Agreement	What it governs	When you need it
License / EULA	Permission to use the software/copy	Always — it’s the foundation
Terms of service	Rules for using an online service	You run a service/site/app
Privacy policy	What you do with personal data	You collect personal data (often legally required)
DPA	A vendor processing data for you	A processor handles personal data on your behalf
SLA	Availability/performance promises	You sell an ongoing service
Support agreement	Help: tiers, response, coverage	You offer paid support
NDA	Protecting shared confidential info	Before sharing secrets with anyone
MSA + SOW	The legal frame + each deal’s scope	Repeat B2B sales/services
AUP	What users may not do	A multi-user service needs conduct rules
Beta / trial	Limited pre-release/evaluation use	You offer betas, trials, or evaluations
Partner / reseller	Others selling/distributing your product	You sell through a channel
Developer / API terms	Third parties building on your API	You expose an API or platform

You won’t need all of these — most products use a handful. The skill is recognizing which relationships your software actually creates and reaching for the matching agreement. That’s exactly what the final module turns into a decision you can make for your own project.

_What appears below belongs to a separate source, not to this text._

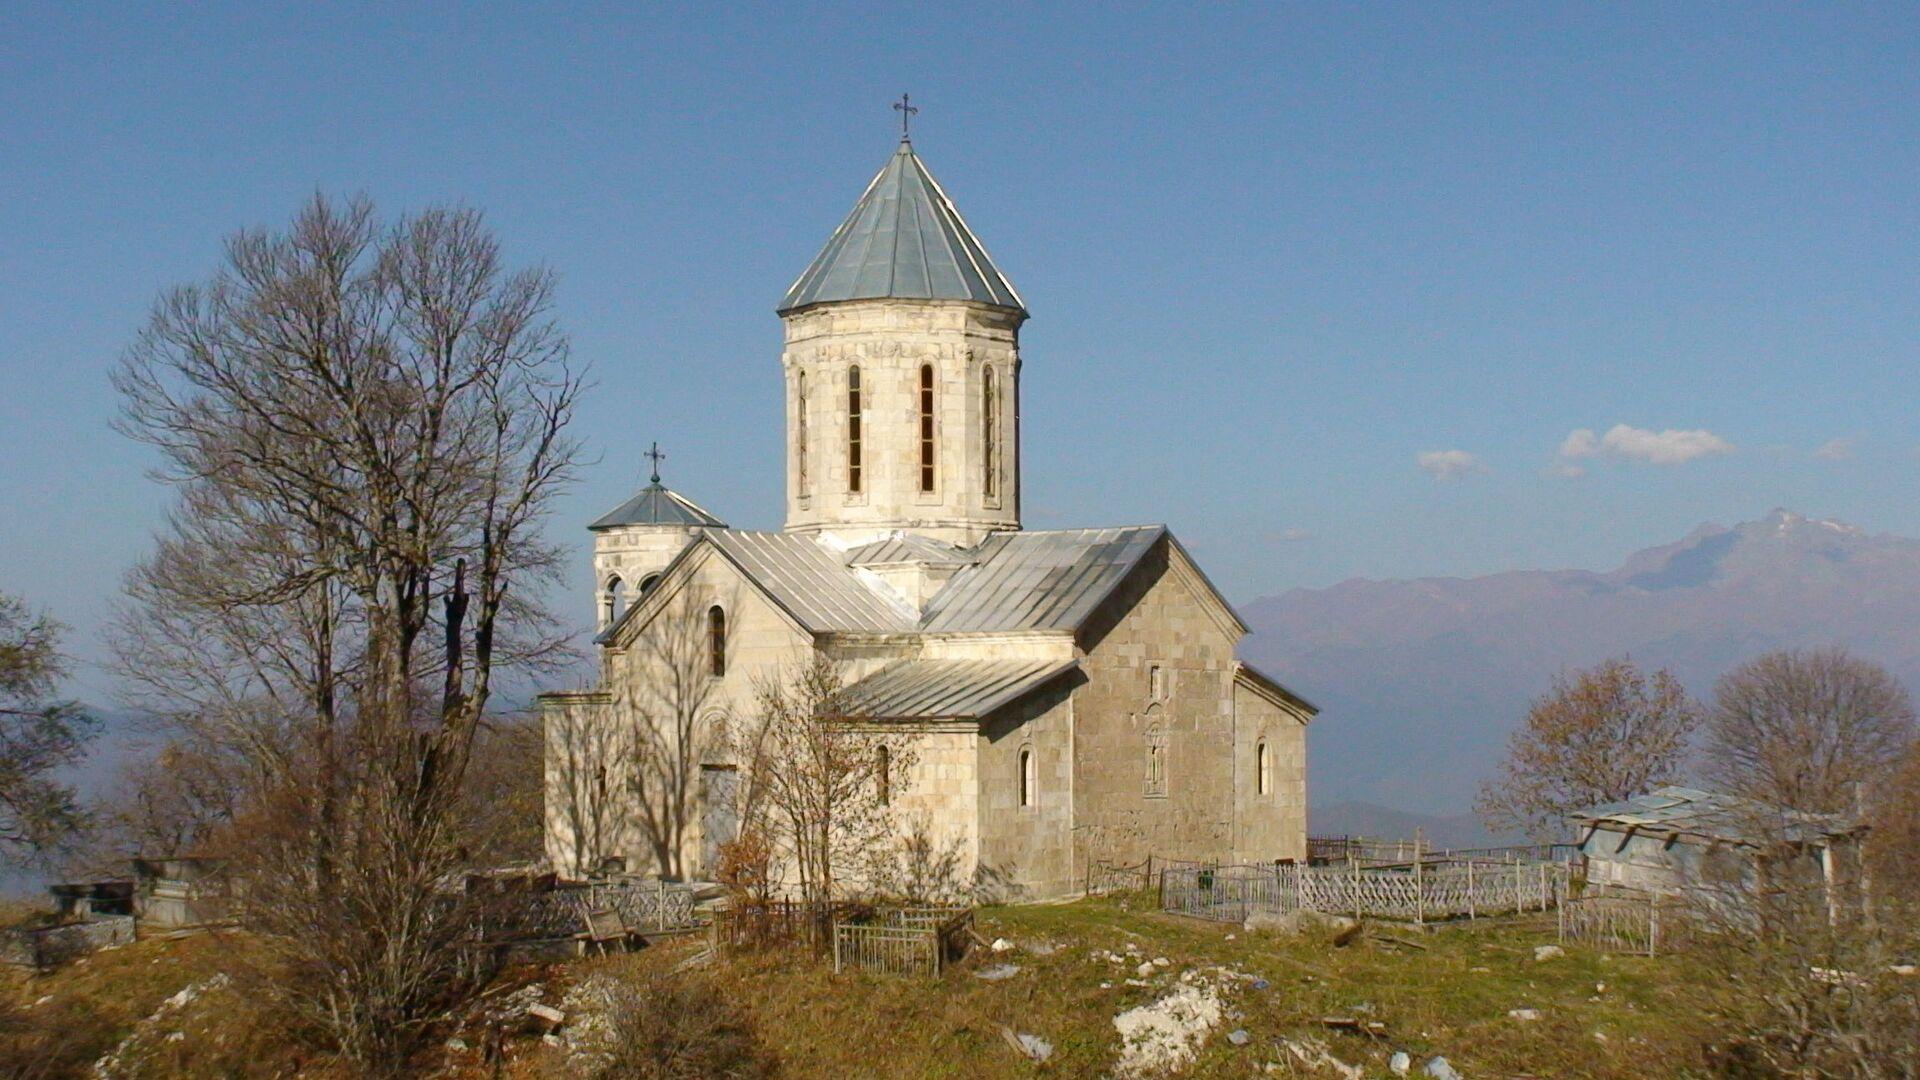 წმინდა გიორგის სახელობის ეკლესია მრავალძალში - Sputnik საქართველო, 1920, 12.10.2021

Quick check: a vendor wants to sell you several projects over time without re-negotiating liability and IP each time. What structure fits?

Recap

NDAs protect confidential information — one-way or mutual, with a defined scope, carve-outs for public/independent info, a term, and the actual-secrecy practices that back them.
MSA + SOW structures repeat B2B deals — heavy legal terms negotiated once in the MSA, deal specifics in each short SOW or order form.
An AUP sets conduct rules — what users may not do, often split out of the terms of service so it can be updated independently.
Beta, partner, and developer terms cover special relationships — temporary trials, channel sales, and third parties building on your API.
Everything clips onto the license — the license grants permission; these agreements govern the relationships built around the licensed software.

Next up: with the whole agreement landscape in view, the path turns to choosing what your project needs. See A framework for choosing.

Frequently asked questions

What's the difference between a one-way and a mutual NDA?

A one-way (unilateral) NDA protects one side’s secrets — typical when only one party is sharing, like a company showing a contractor its plans. A mutual NDA protects both sides because both will share confidential information — common when two companies explore a partnership. Mutual is the default when the conversation is genuinely two-directional; the obligations are otherwise much the same.

Why split a B2B deal into an MSA plus a SOW or order form?

It separates the stable legal terms from the deal-specific details. The Master Service Agreement (MSA) is negotiated once and covers liability, IP, confidentiality, and the like; each new project or purchase is then a short Statement of Work (SOW) or order form referencing the MSA. You re-negotiate the heavy terms once, then move fast on each subsequent deal.

Does an NDA make information confidential just because it says so?

Not by itself. An NDA defines what counts as confidential and obliges the recipient to protect it, but it also includes carve-outs — information that’s already public, independently developed, or rightfully obtained elsewhere isn’t covered. And to keep trade-secret protection you generally must actually treat the information as secret, not just paper it. The agreement is one part of a broader practice.